Data are presented as % unless otherwise stated. AUC: area under the receiver-operating-characteristic curve; NPV: negative predictive value; PPV: positive predictive value.

Figure 2
Figure 2

Receiver operating characteristic (ROC) curves comparing markers’ ability to detect ICU-acquired infections, a) ROC curves comparing PCT, CRP, WBC, temperature, and composite score, b) ROC curves comparing ΔPCT and ΔCRP for detection of ICU-acquired infections.

Discussion

By studying simple and routinely used clinical and biological markers of infection in patients with confirmed nosocomial infection compared to non-infected ICU patients we determined that three parameters, temperature > 38.6°C, PCT > 1.86 ng/mL, and CRP > 88 mg/L, could perform well in discriminating infected from non-infected patients (AUCs of 0.88, 0.84, and 0.88 respectively). The complementary sensitivity/specificity profiles of each marker (76%/94% for fever, 68%/91% for PCT, and 92%/70% for CRP) allowed the construction of a composite score (score = 0.068 × D0 PCT + 0.005 × D0 CRP + 0.7 × temperature) more discriminating and highly specific than each single component (AUC of 0.90 and sensitivity of 97%).

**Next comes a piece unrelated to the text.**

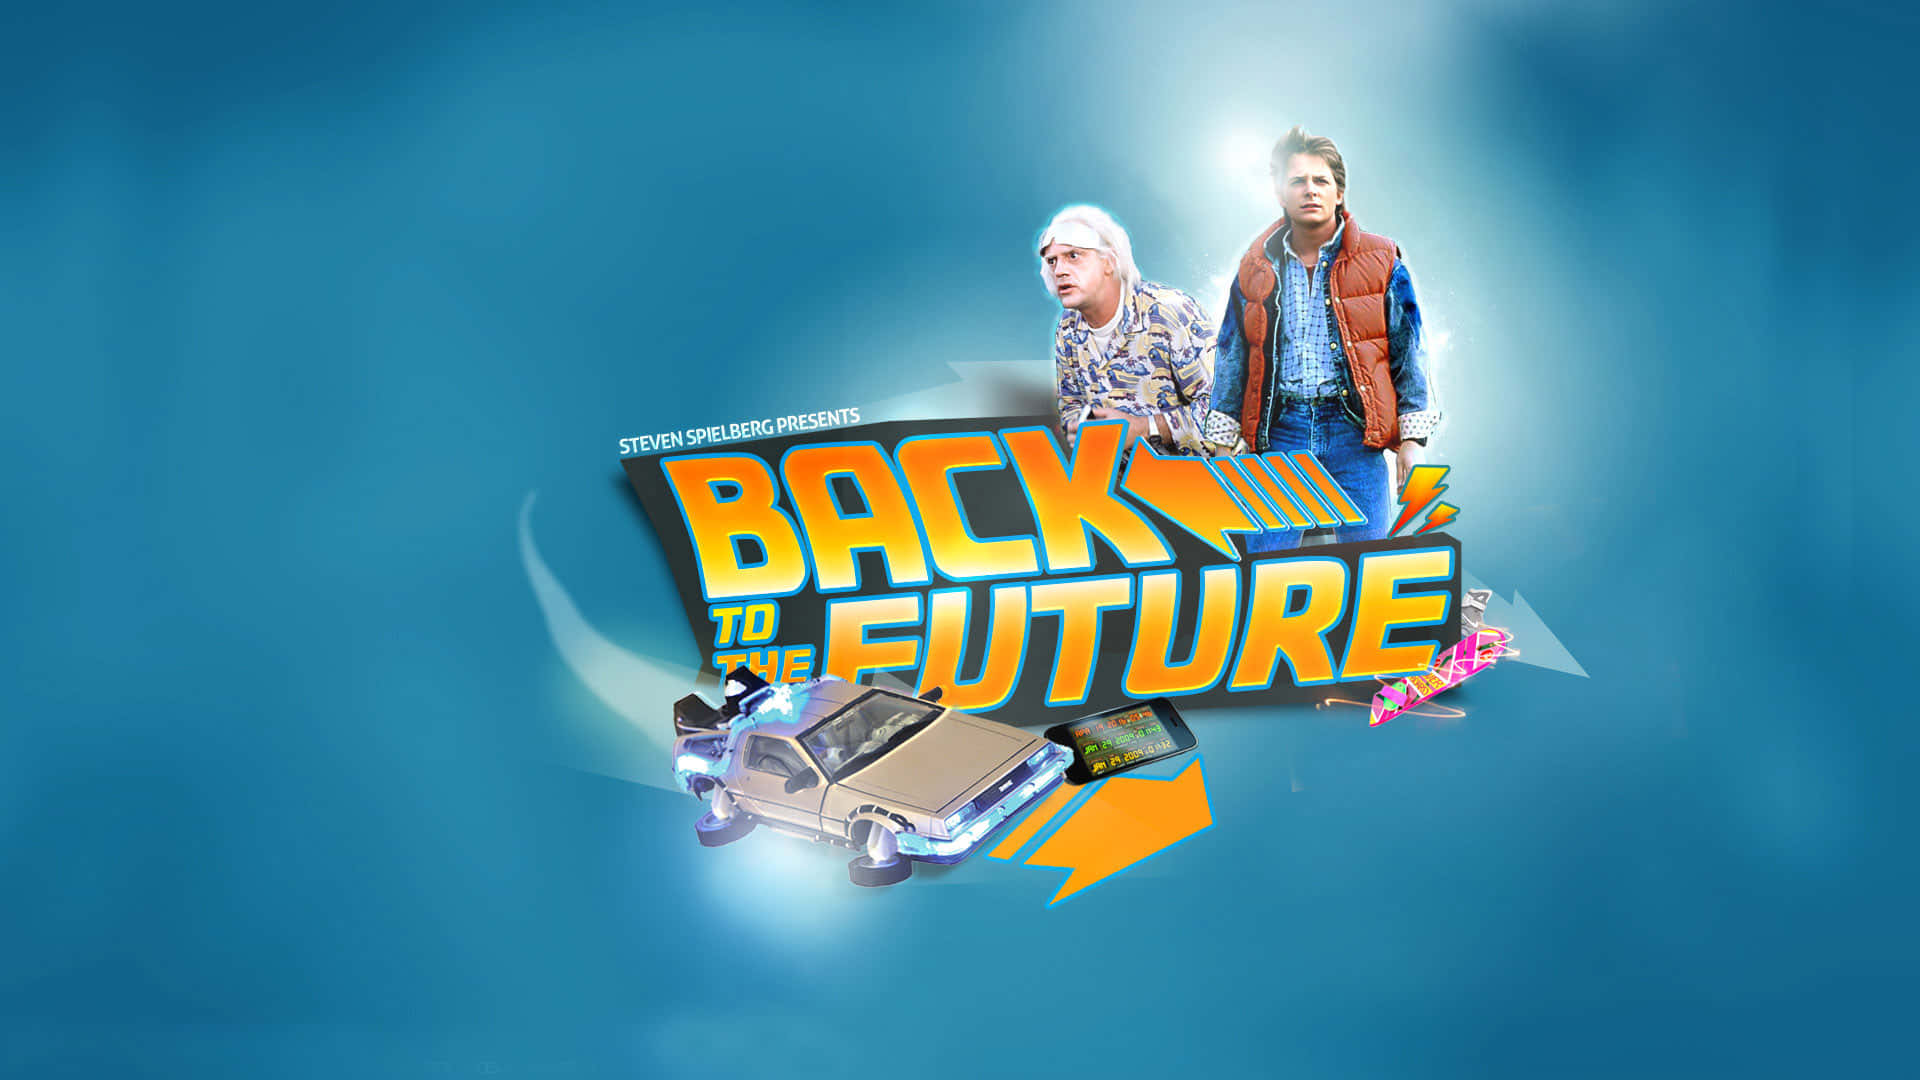 Back to me future. Назад в будущее. Назад в будущее картинки. Обои на рабочий стол назад в будущее. Назад в будущее заставка.

Given the absence of any gold standard of infection we used the same methodology as Povoa et al. [7] and distinguished between patients with a confirmed diagnosis of noscomial infection, with all the limitations inherent to diagnosis of infection in the ICU, and patients discharged from the ICU without being treated by antimicrobials and therefore very unlikely to be infected.

Although one of the most frequently measured parameters in the ICU setting and non invasive, body temperature remains a poor indicator of infection [9]. Temperature can be influenced by a number of non-infectious factors, such as non-infectious causes of fever and antipyretic therapy [10]. Nevertheless, in the present study, temperature appeared to perform reasonably well for identifying nosocomial infection, with an AUC of 0.88. The best temperature cut-off value was 38.6°C, resulting in a sensitivity-specificity of 76%/94%.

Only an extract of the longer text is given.